緩急を効かせる上で、鍵になっているのが球速100キロ前後のカーブだ。ストレートとの球速差が40キロ近くあるこの球を巧みに活かして打者を翻弄している。
実は昨年の途中までは使っていない球種だった。二軍でバッテリーを組んだ捕手の飯田大祐のアドバイスがきっかけだったという。

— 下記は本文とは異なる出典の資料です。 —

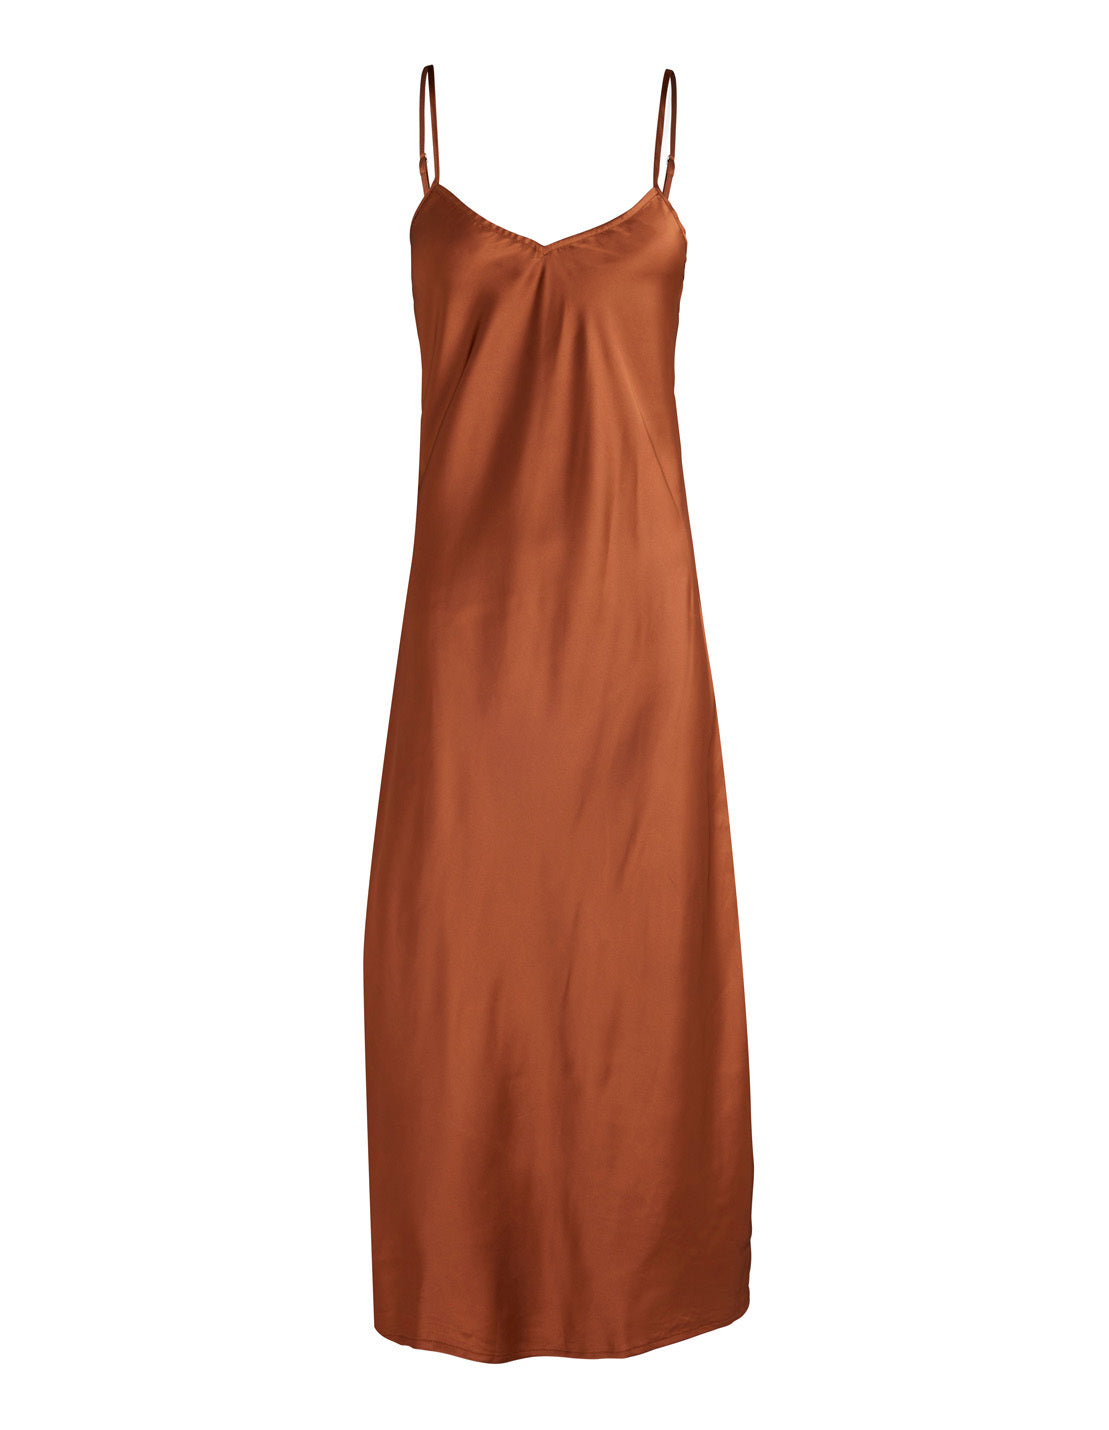 Gingerlilly Summer Satin Dress Chemise Brown
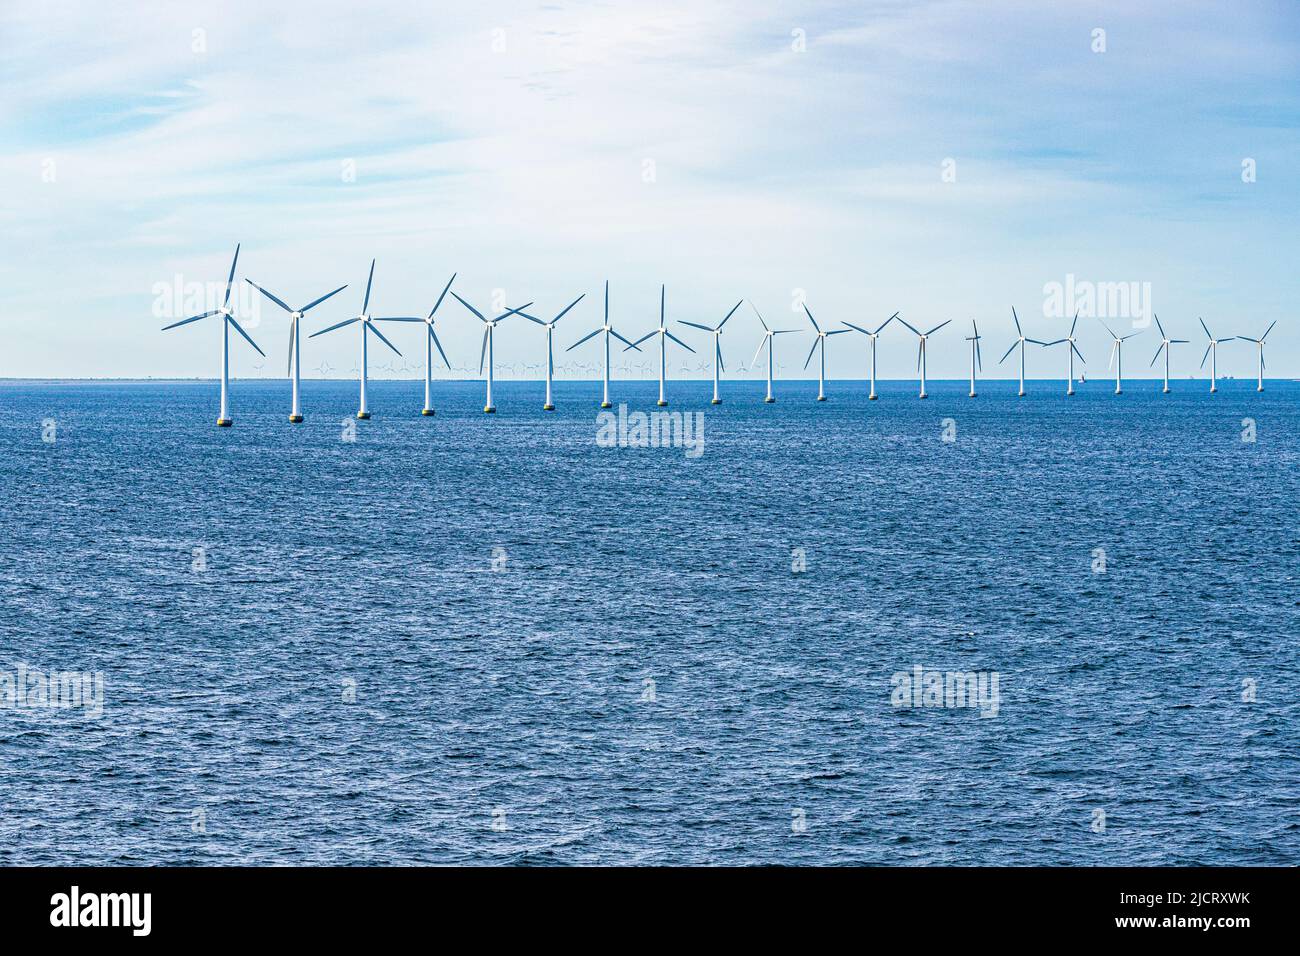 The Middelgrunden offshore wind farm in the Øresund near Copenhagen, Denmark. Stock Photo

「飯田さんと組んだ時に『カーブ使えるぞ』って言われて。それまでは全然投げていませんでした。自信を持っている球でもなかったし、緩い球だと打たれるのかな、と思っていたので」
「目的を持って取り組める選手」
昨年現役を引退し、現在はブルペン担当補佐を務める飯田はこう話す。
「最初はまっすぐとスライダー、チェンジアップで試合に入っていたんですけど、どうしても3巡目あたりになると打者の目が慣れてきて、手詰まりになってしまう感じがあったんです。それで、コーチの方々とも『何かないかな?』という話になって。カーブを投げられるというのを聞いたので、じゃあメリハリをつけるために投げてみようか、という話をしました。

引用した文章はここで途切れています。